**Task**
Would you repeat the data below exactly, taking out the images?

**Data below**
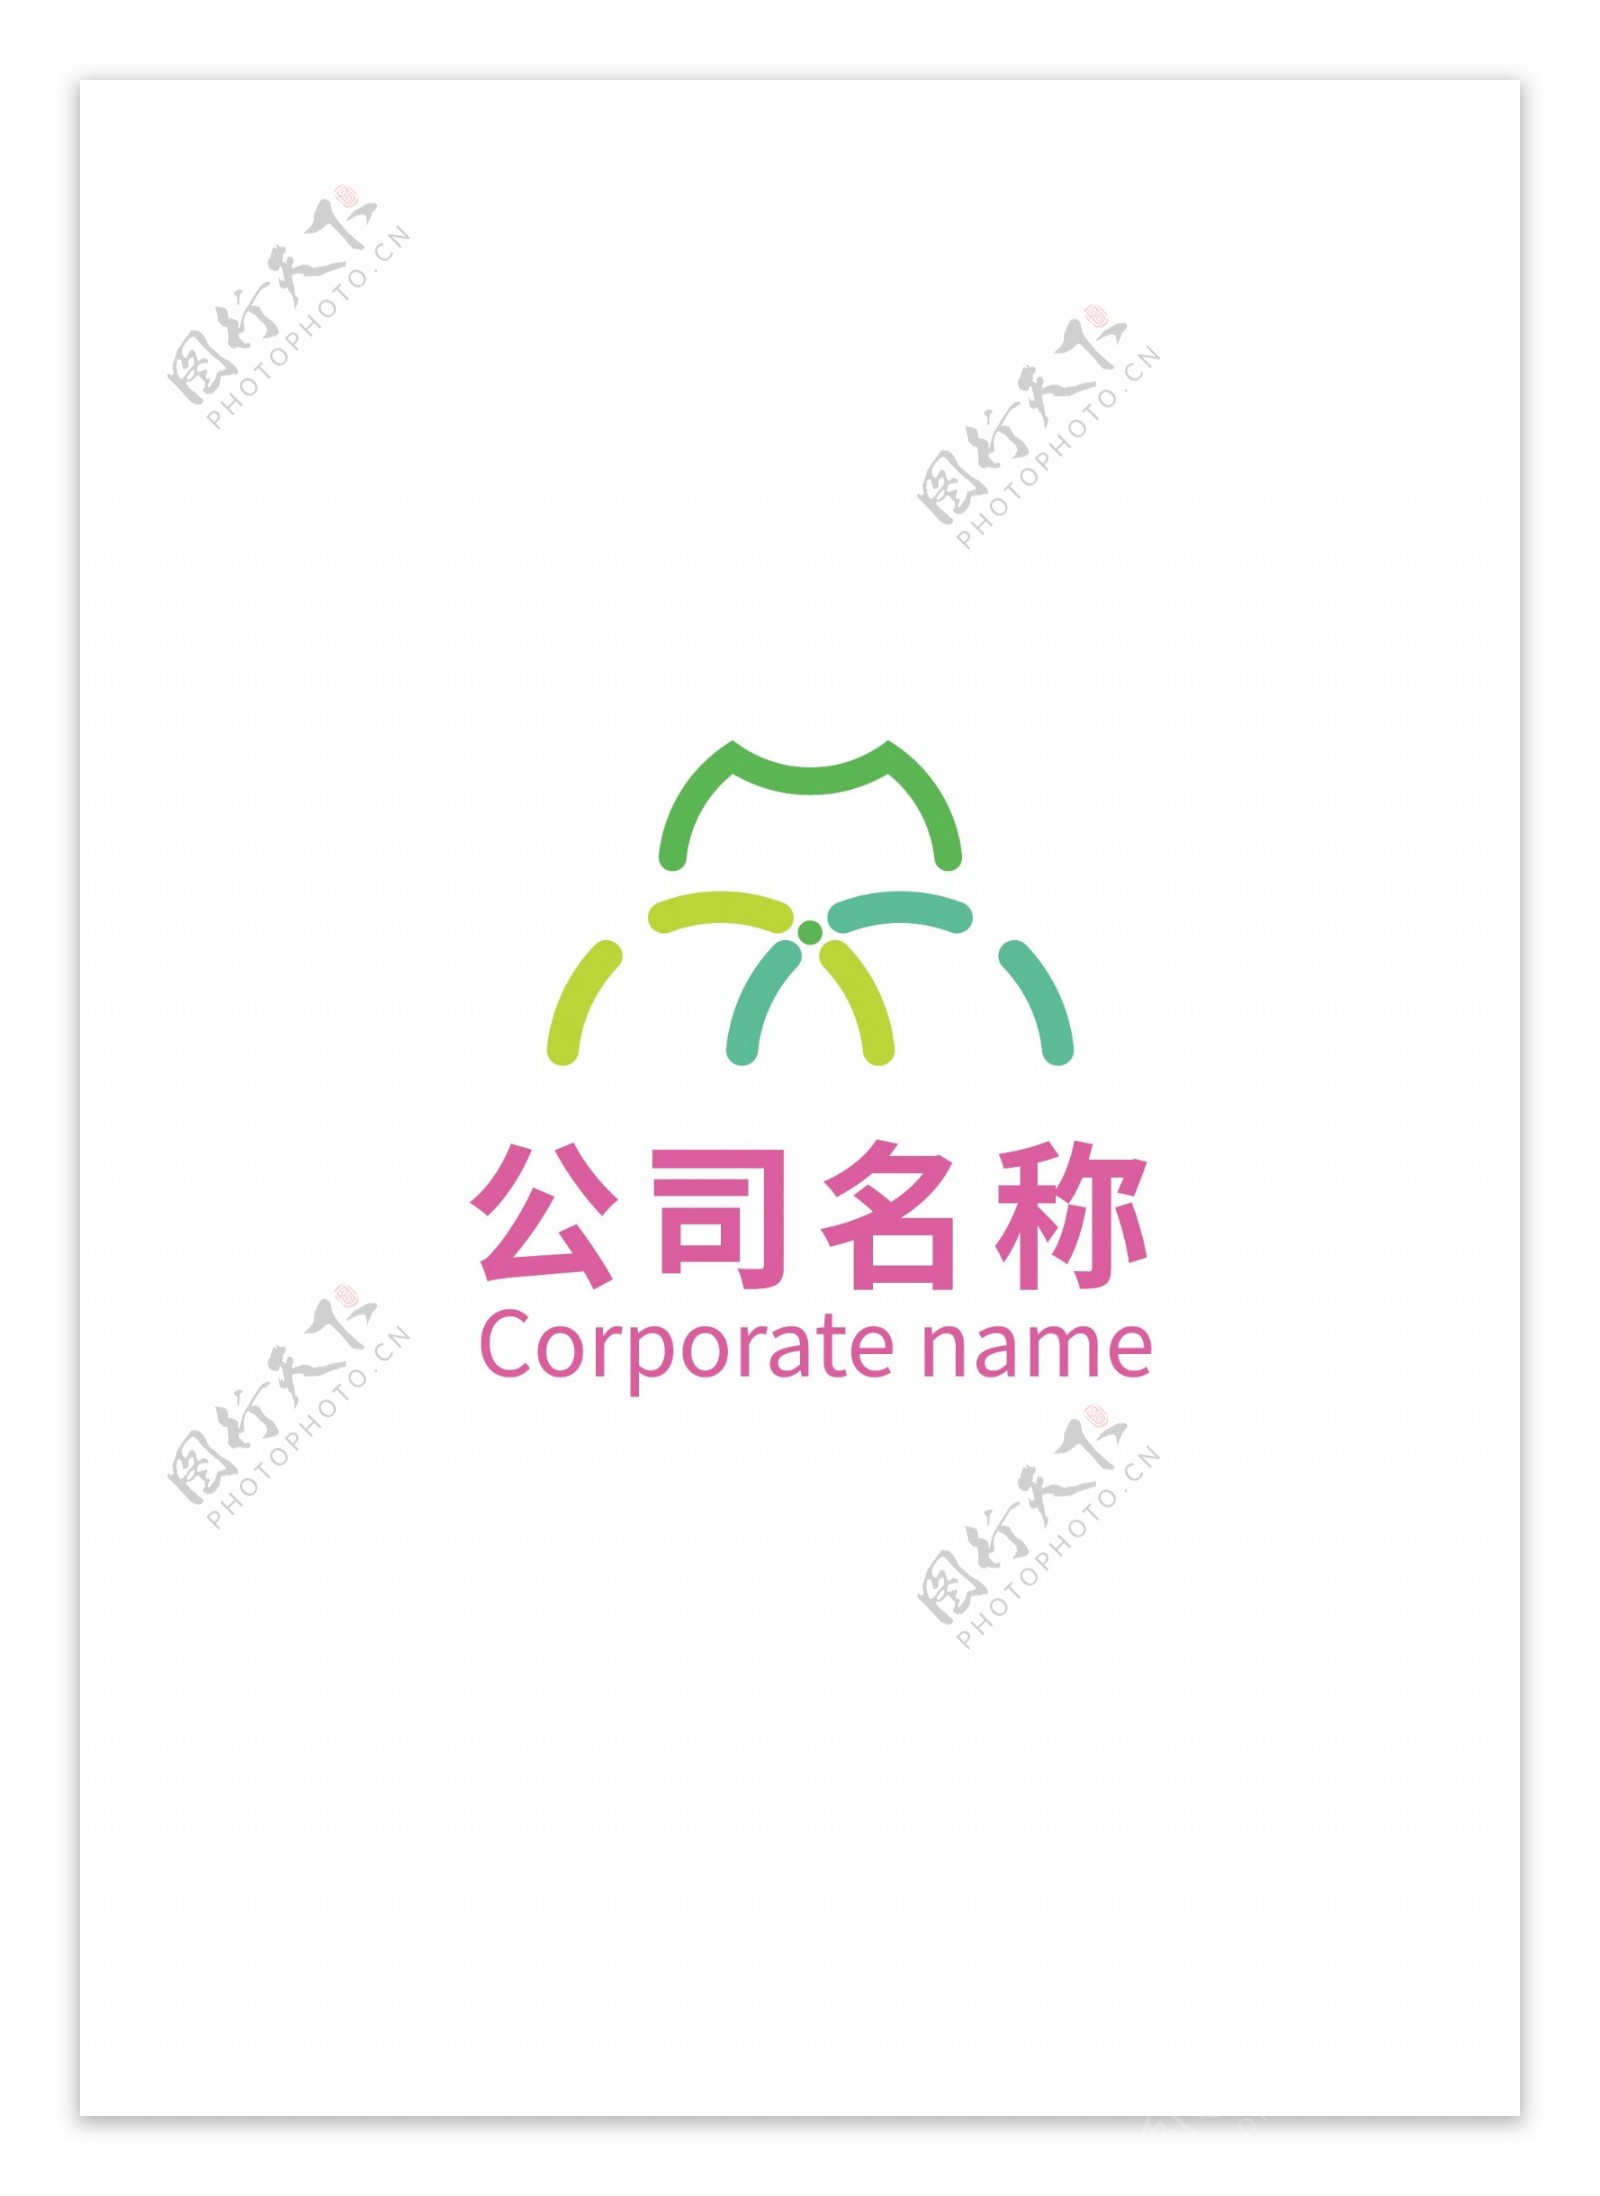 商业logo商标设计
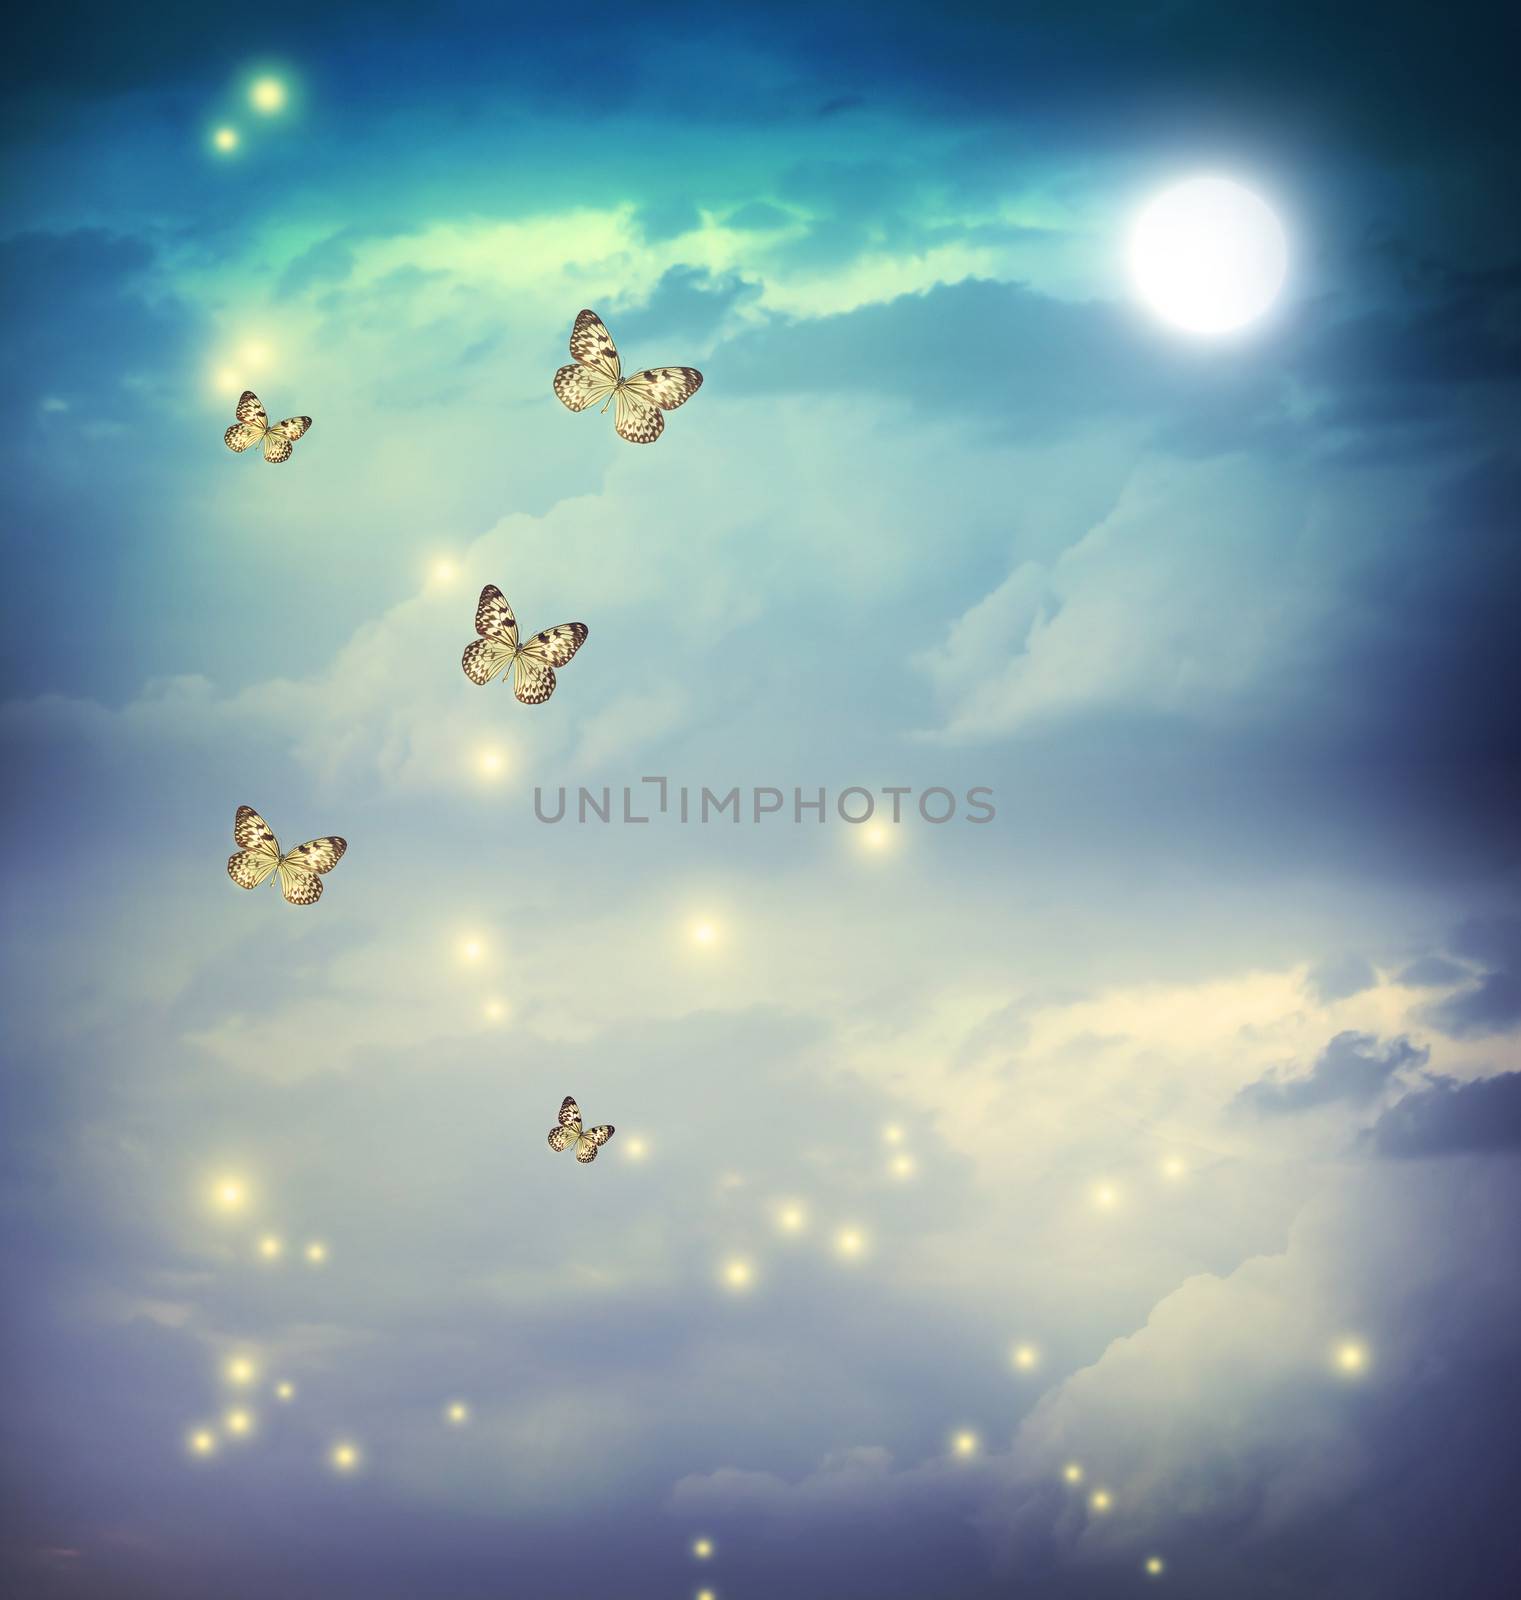 Butterflies in a fantasy moonligt landscape by melpomene
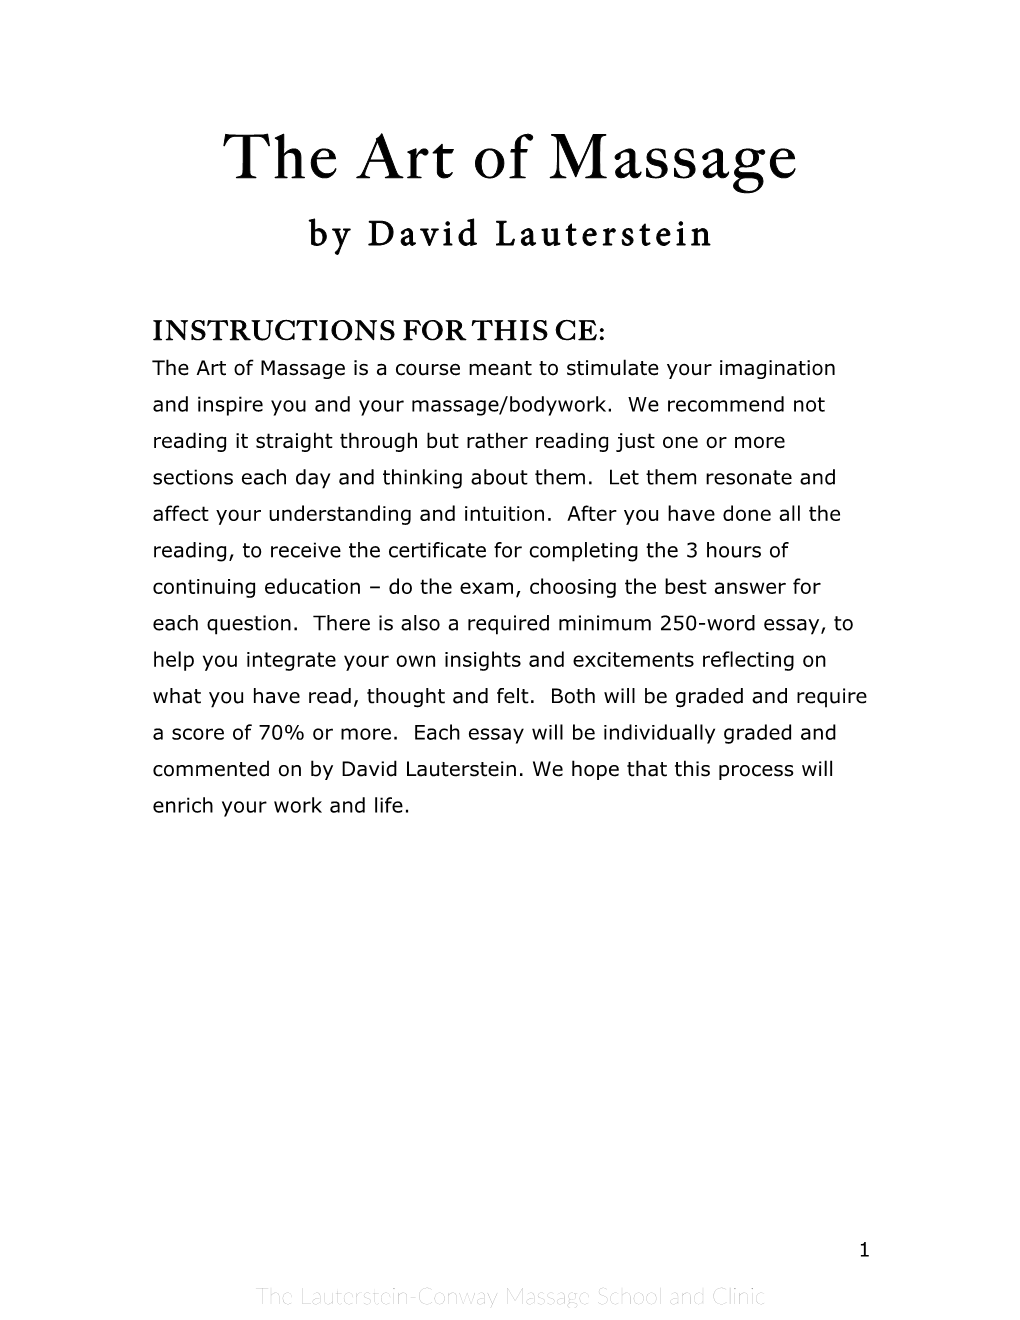 The Art of Massage by David Lauterstein

**Answer to this problem**
 商业logo商标设计
 Butterflies in a fantasy moonligt landscape by melpomene
 The Art of Massage by David Lauterstein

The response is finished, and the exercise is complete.